The target audience for my book, Empirical Software Engineering with R, are working software developers who have better things to do that learn lots of statistics. However, there is no getting away from the fact that I am going to have to make extensive use of GLMS, which means having to teach readers about the differences between OLS and GLMS and under what circumstances OLS is applicable. What a pain.

Then I had a brainwave, or a moment of madness (time will tell). Why bother covering OLS? Why not tell readers to always use GLMS, or rather use the R function that implements it, glm. The default glm behavior is equivalent to lm (the R function that implements OLS); the calculation is not being done by hand but by a computer (i.e., who cares if it is more complicated).

Perhaps there is an easy way to explain this to software developers: glm is the generic template that can handle everything and lm is a specialized template that is tuned to handle certain kinds of data (the exact technical term will need tweaking for different languages).

There is one user interface issue, models built using glm do not come with an easy to understand goodness of fit number (lm has the R-squared value). AIC is good for comparing models but as a single (unbounded) number it is not that helpful for the uninitiated. Will the demand for R-squared be such that I will be forced for tell readers about lm? We will see.

How do I explain the fact that so many statistics books concentrate on OLS and often don’t mention GLMS? Hey, they are for social scientists, software engineering data requires more sophisticated techniques. I will have to be careful with this answer as it plays on software engineers’ somewhat jaded views of social scientists (some of whom have made very major contribution to CRAN).

All the software engineering data I have seen is small enough that the performance difference between glm/lm is not a problem. If performance is a real issue then readers will search the net and find out about lm; sorry guys but I want to minimise what the majority of readers need to know.

R now has its own shelf in Dillons

November 25th, 2013 No comments

I was in Dillons, the one opposite University College London, at the start of the week and what did I spy there?

Programming language books

There is now a bookshelf devoted to R (right, second from top) in the programming languages section. The shelf would be a lot fuller if O’Reilly did not have a complete section devoted to their books.

A trolley of C/C++ books was waiting to refill the shelves near the door.

Programming language books

Being adjacent to a university means that programming language books make up a much larger percentage of software books.

Programming language books

And there is O’Reilly in the corner with two stacks of shelves.

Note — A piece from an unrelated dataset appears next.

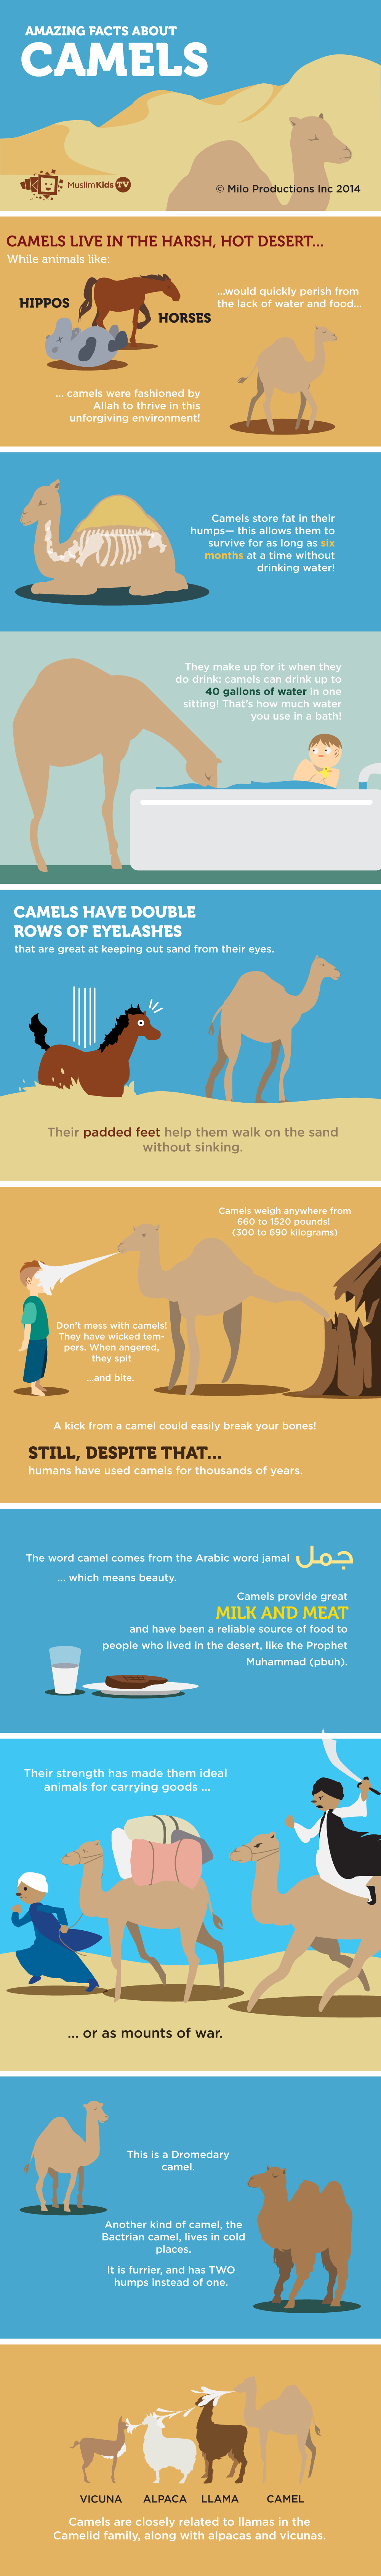 camel-info.png
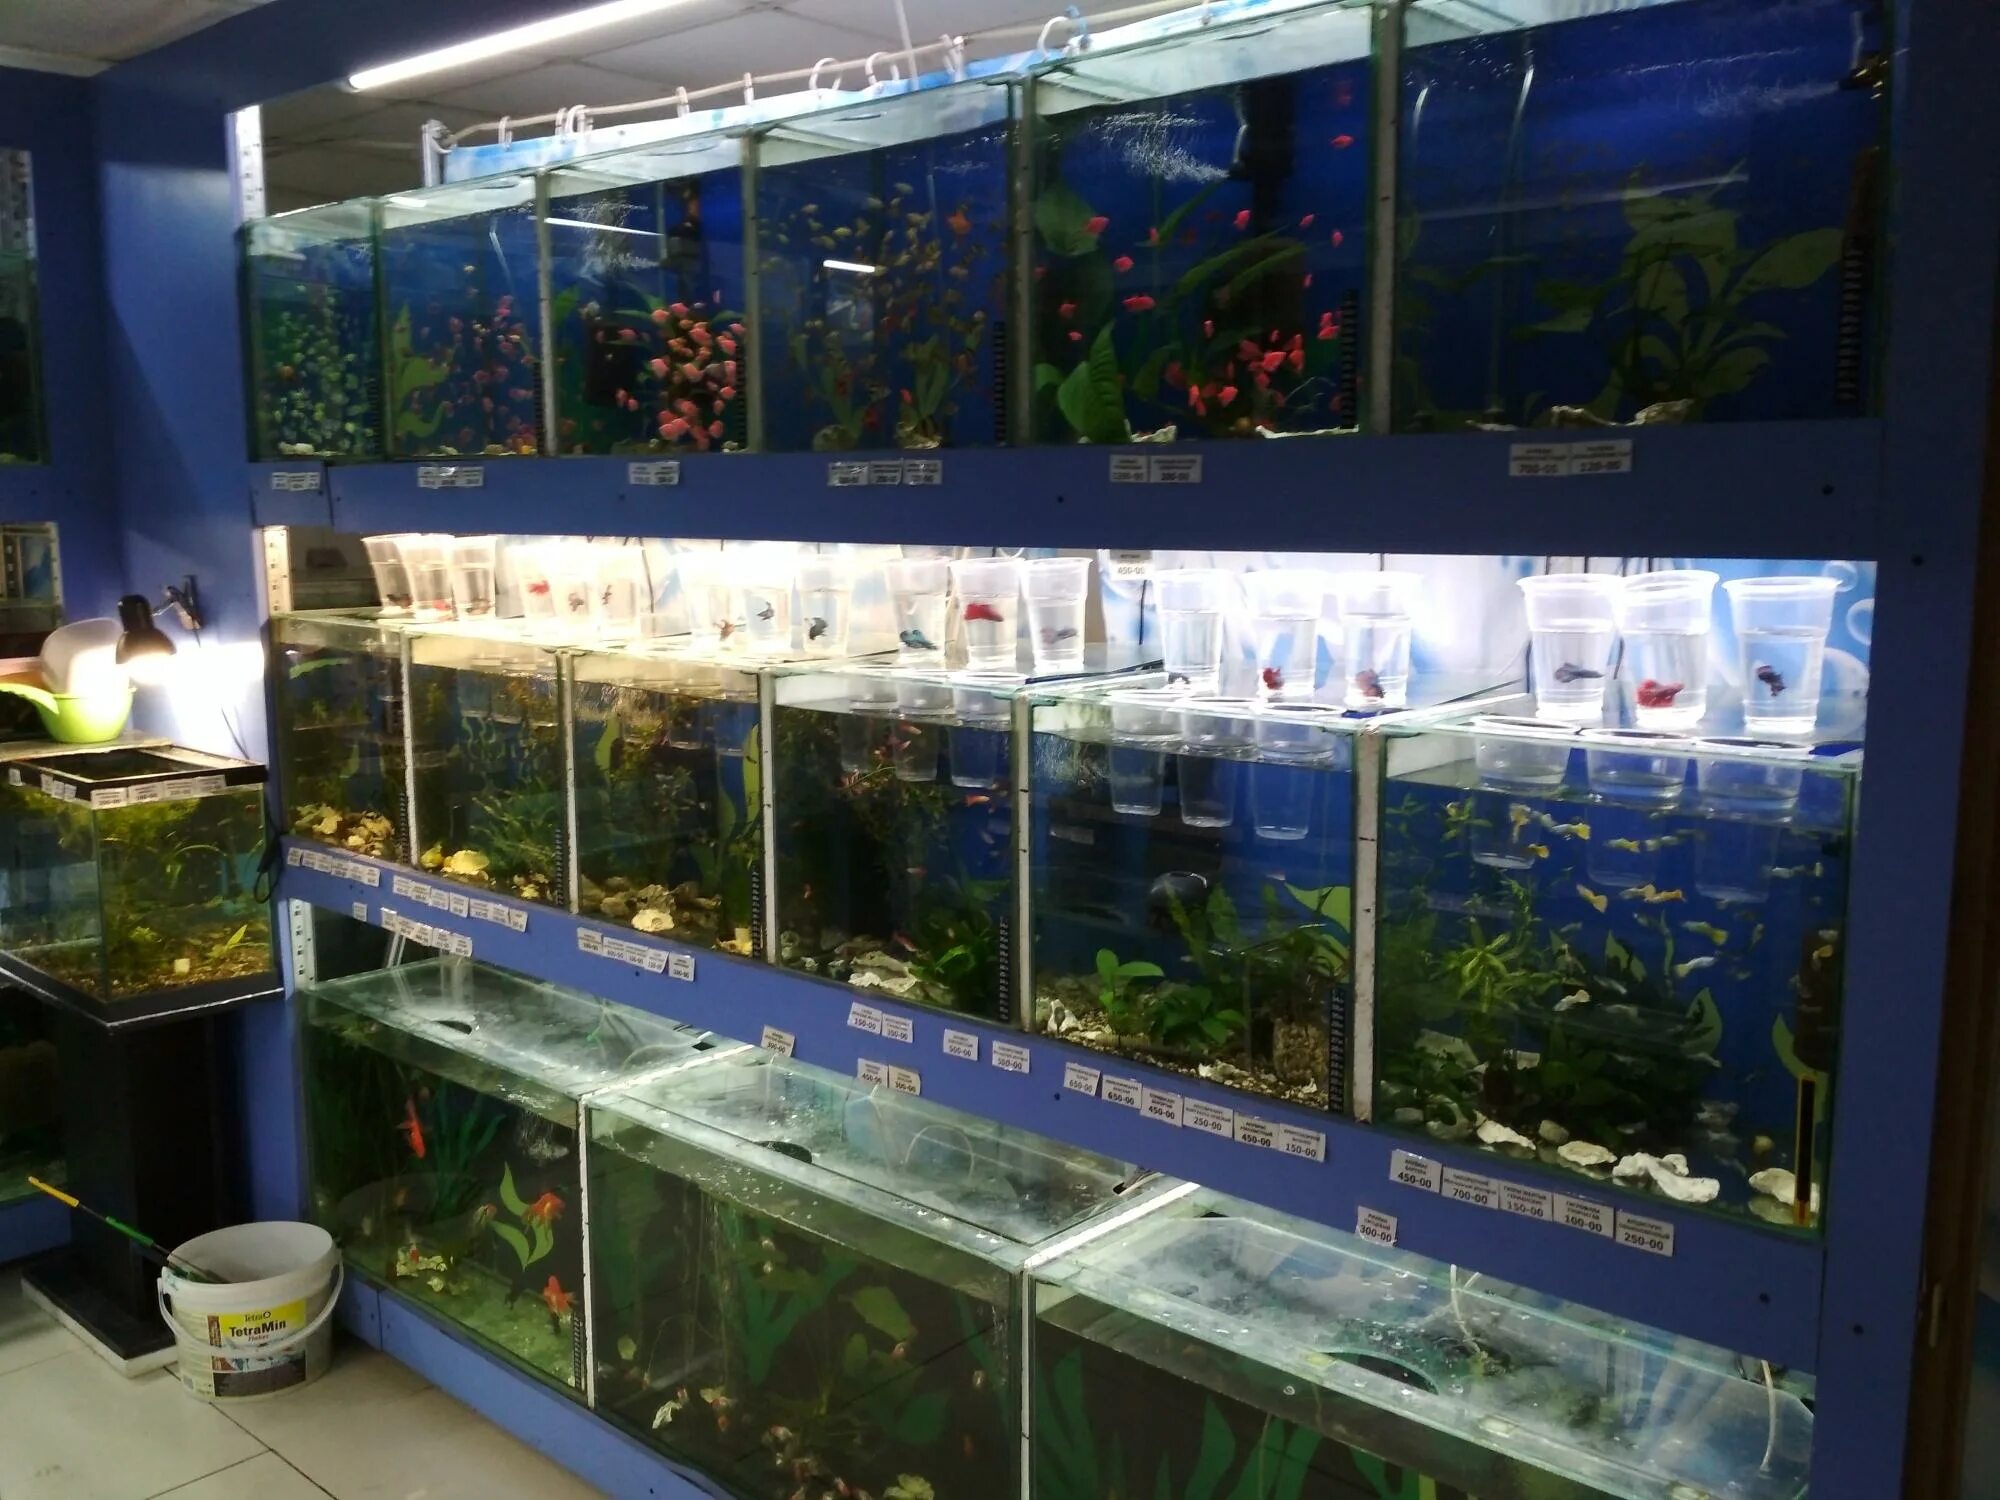 Зоомагазин аквариум. Аквариум с рыбками в зоомагазине. Аквариумные рыбки в зоомагазине. Зоомагазин с рыбками рядом.

Programming language books

And yes, this is a big bookshop, the front is a complete block; computing/mathematics/physics/chemistry/engineering/medicine are in the basement. You can buy skeletons and stethoscopes in the medical section a few rooms down from computing; a stethoscope is useful for locating strange noises in computer cases without having to open them.

Programming language books

Readers a bit younger than me probably know this shop as Waterstones.